▶ _Records shown_:

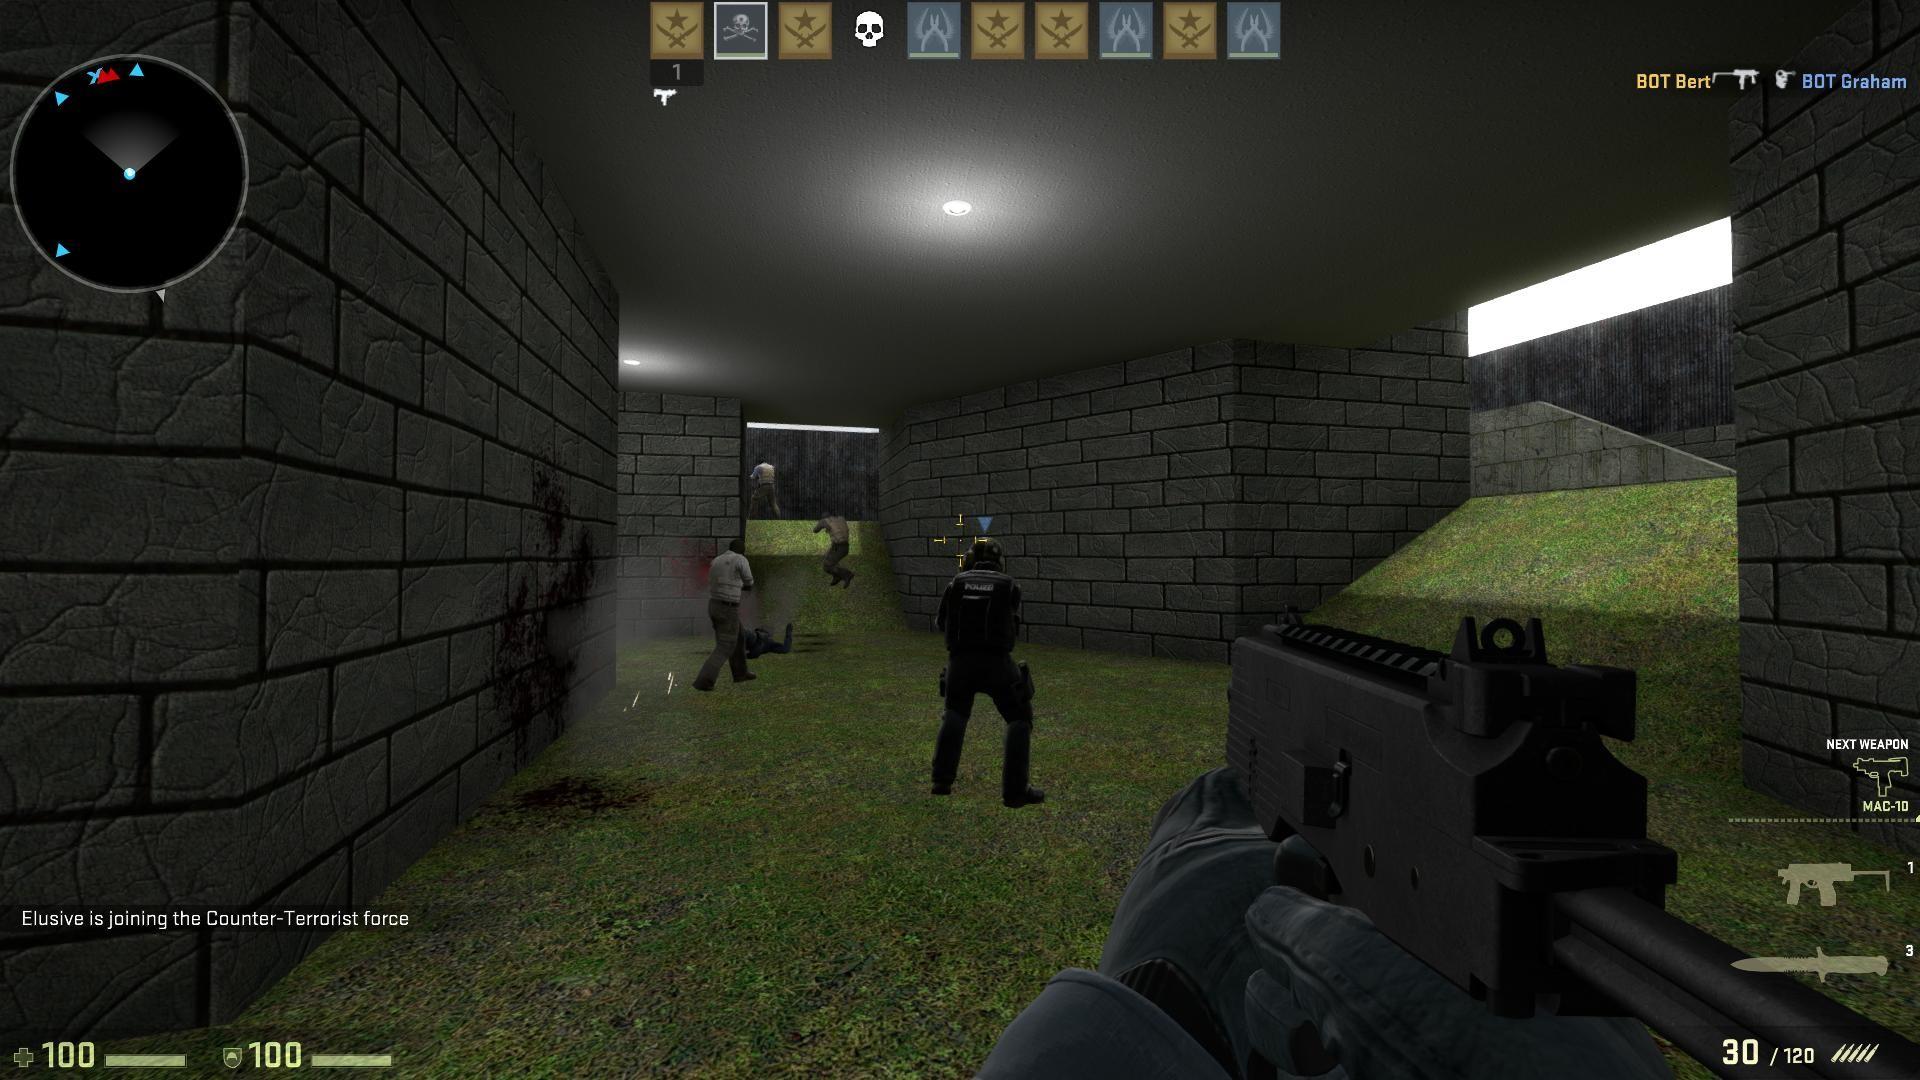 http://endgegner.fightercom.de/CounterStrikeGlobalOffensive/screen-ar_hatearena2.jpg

* * *

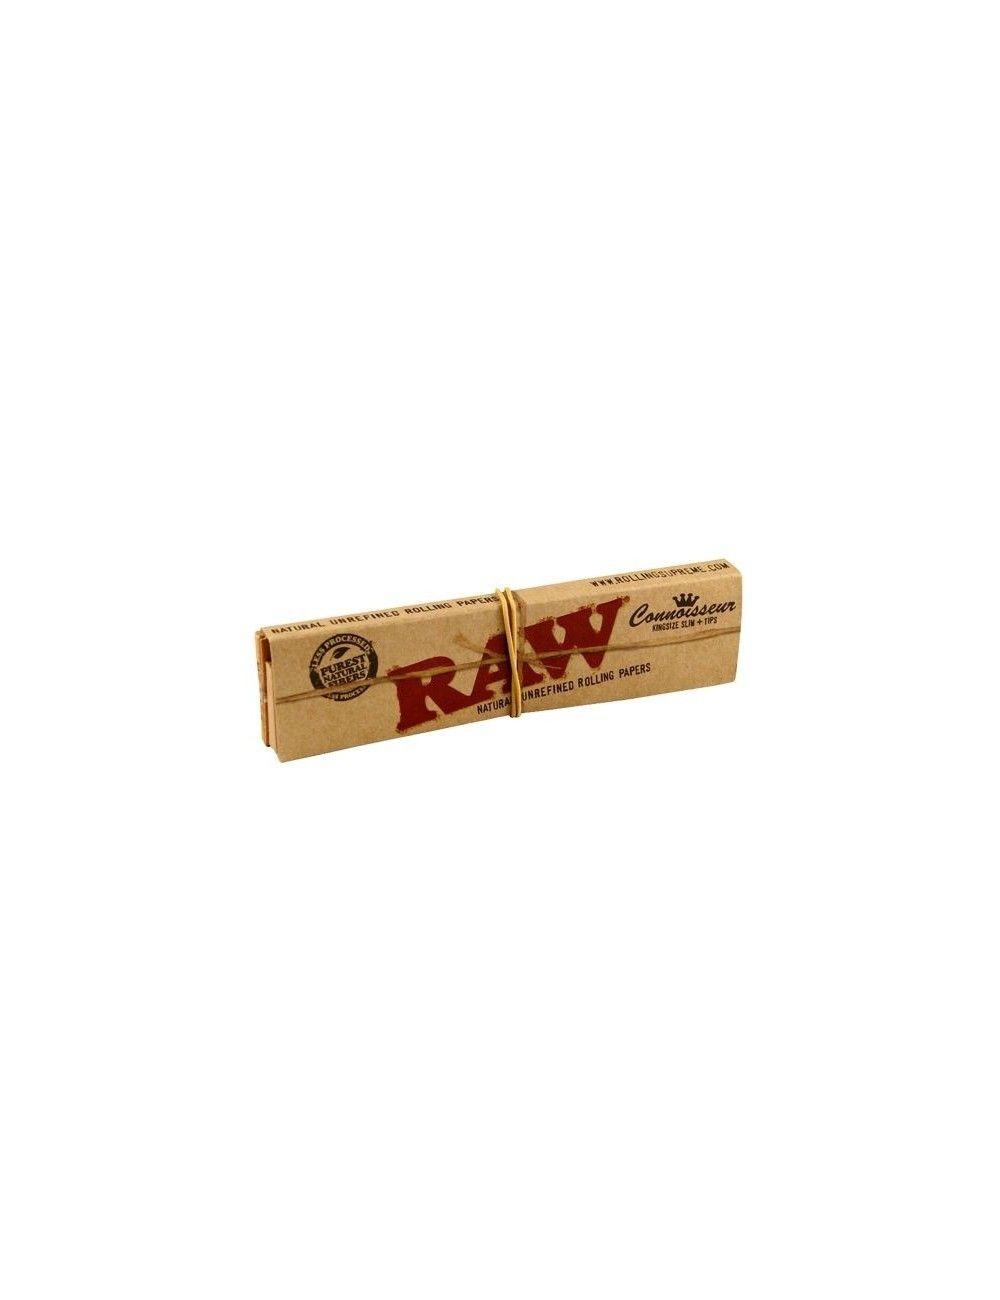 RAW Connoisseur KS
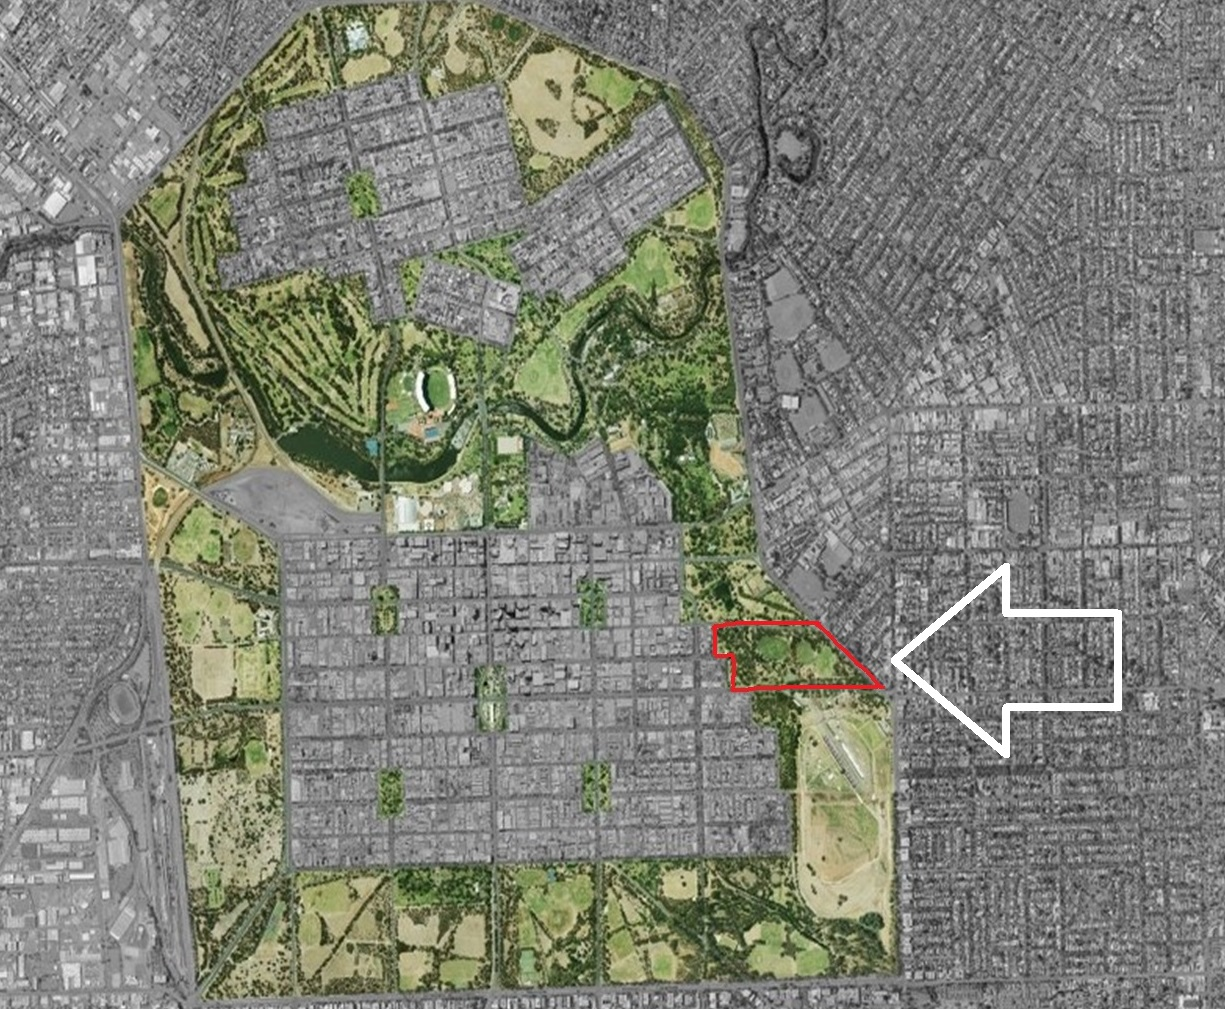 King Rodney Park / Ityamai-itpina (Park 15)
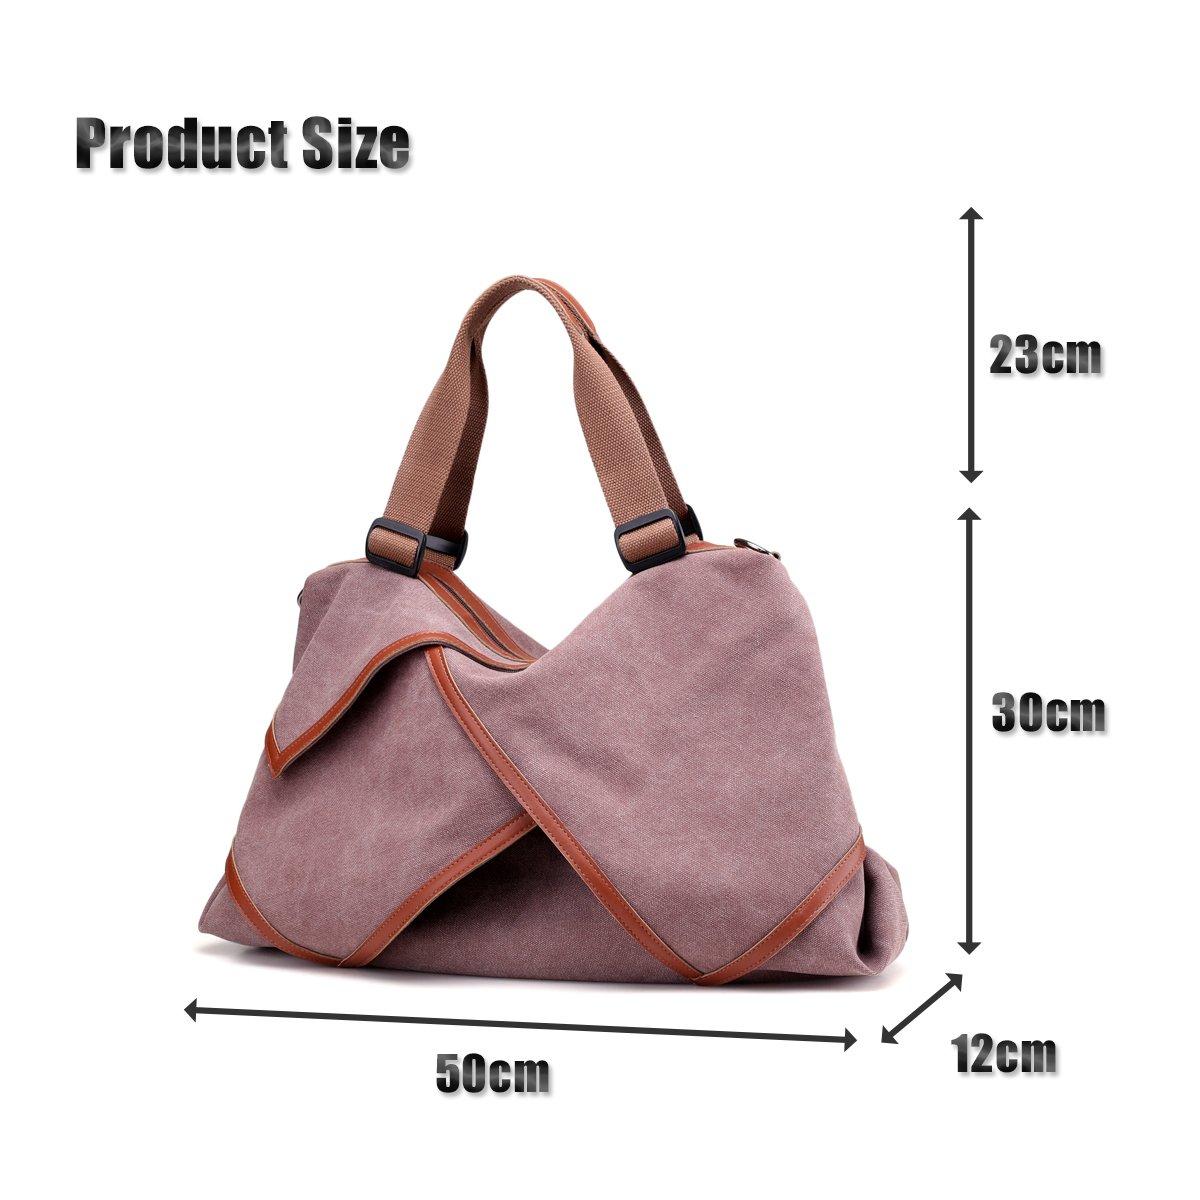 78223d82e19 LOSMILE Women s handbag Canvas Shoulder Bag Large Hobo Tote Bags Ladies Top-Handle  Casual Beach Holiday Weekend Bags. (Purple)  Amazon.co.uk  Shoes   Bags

▶ _Task requirements_:
Output exactly those lines of the data above that run from the line with "King Rodney Park / Ityamai-itpina (Park 15)" up to and including the line with "78223d82e19 LOSMILE Women". No pictures go in.

▶ _Output of the task_:
 King Rodney Park / Ityamai-itpina (Park 15)
 78223d82e19 LOSMILE Women s handbag Canvas Shoulder Bag Large Hobo Tote Bags Ladies Top-Handle  Casual Beach Holiday Weekend Bags. (Purple)  Amazon.co.uk  Shoes   Bags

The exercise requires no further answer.